Как ни странно, эфирно-телеграммный эпизод не привел к каким-либо зловредным последствиям: в 1932 году в Академию наук был избран Гамов, а в 1933-м - Гессен (по философским наукам).
В 1934 году, когда ФИАН переехал в Москву, директор С.И. Вавилов пригласил Гессена стать своим заместителем. Некоторые сотрудники приехали из Ленинграда, но основу научного потенциала института Вавилов видел в школе Мандельштама.

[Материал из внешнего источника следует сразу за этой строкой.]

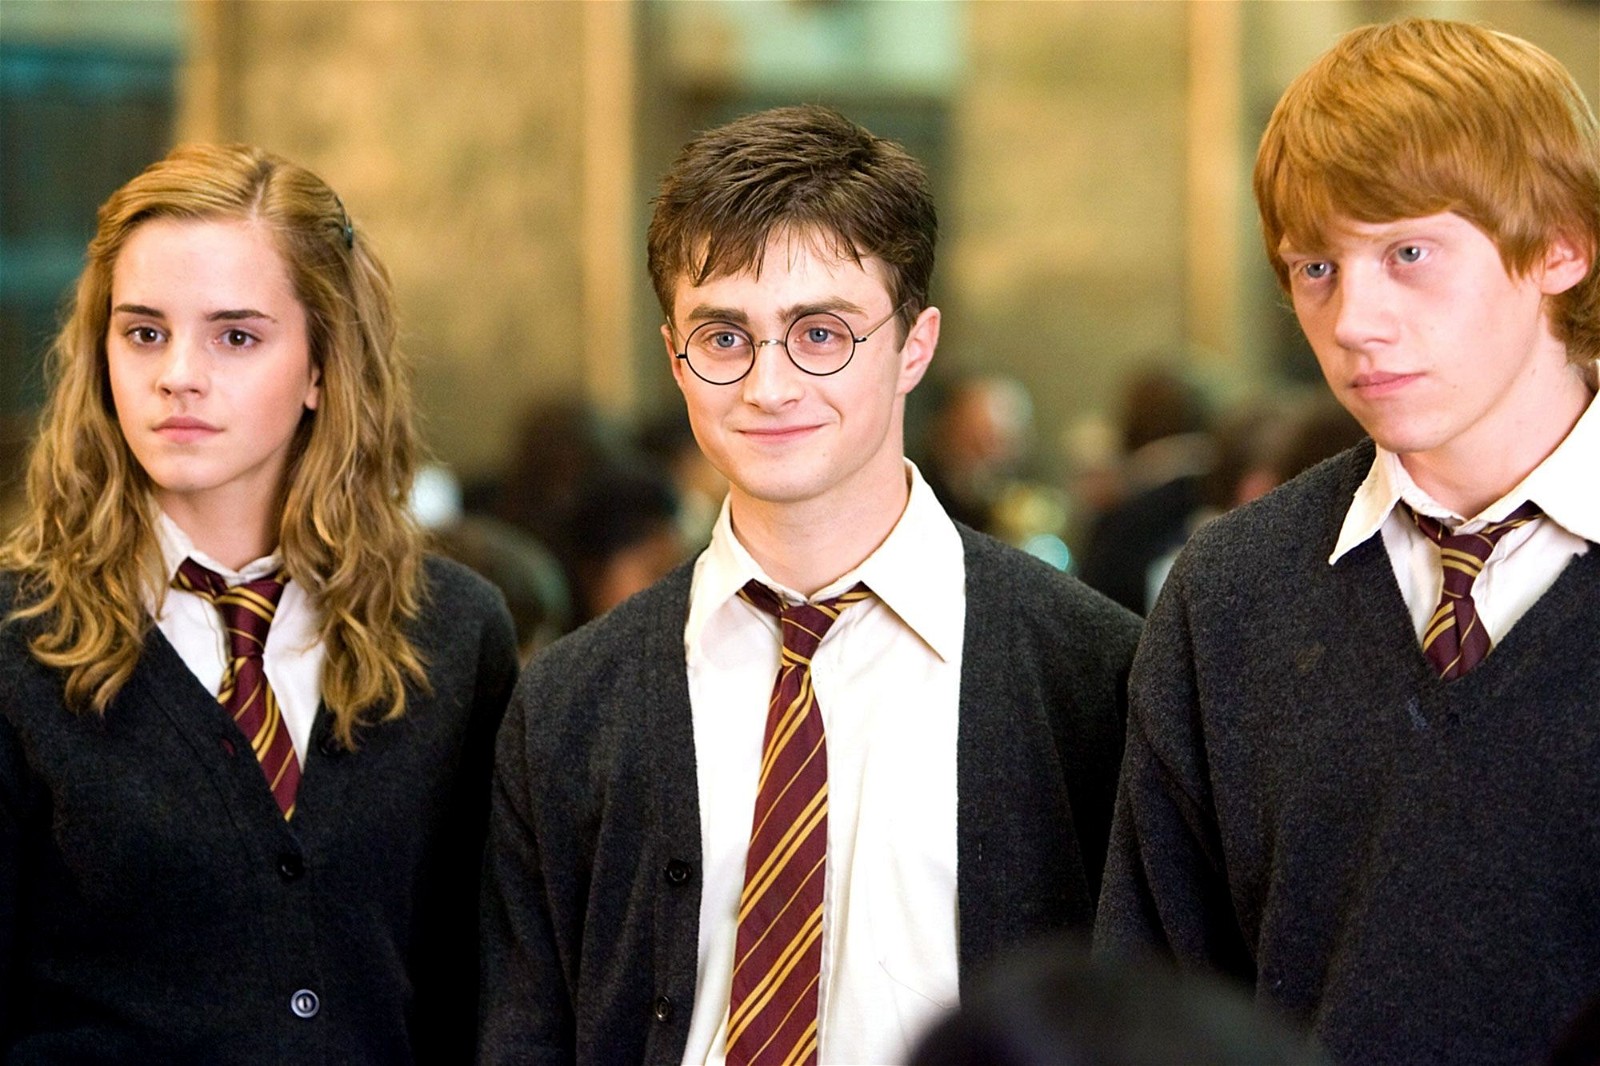 Emma Watson, Daniel Radcliffe, and Rupert Grint in the Harry Potter franchise.

В августе 1936 года Гессена арестовали, и вскоре началось "выдавливание" мандельштамовцев из университета. К счастью, им было куда идти - в ФИАН. С. Вавилов тогда публично заявил о своем отношении к Мандельштаму:
…во время формирования института в Москве я на многие уступки пошел, желая, чтобы Леонид Исаакович сосредоточил здесь свою работу. <> Леонид Исаакович не состоит у нас в штате. Он имеет право на такое существование - это право обеспечено ему Академией наук. Может, конечно, показаться странным такой способ работы, когда человек у себя на квартире принимает сотрудников. Я думаю, что со временем положение изменится, но, во всяком случае, и сейчас <> Леонид Исаакович Мандельштам приносит большую пользу. Нам бы хотелось, чтобы он еще больше втянулся в жизнь института, чтобы он знал и другие лаборатории [помимо оптической, теоретической и лаборатории колебаний], критиковал их работу, давал указания. Он - человек необычайно высокого научного уровня.
Академик А.Н. Крылов, директор Физико-математического института, из рук которого Вавилов получил директорство в ФИАНе, говорил: "Замечательный человек Сергей Иванович - создал институт и не побоялся пригласить в него физиков сильнее его самого". Вавилов сознательно искал таких людей.
Тридцать седьмой год
В русском языке "тридцать седьмой" - не просто числительное, это - дважды траурное понятие. Первый траур начался со смерти одного человека, второй - с гибели миллионов.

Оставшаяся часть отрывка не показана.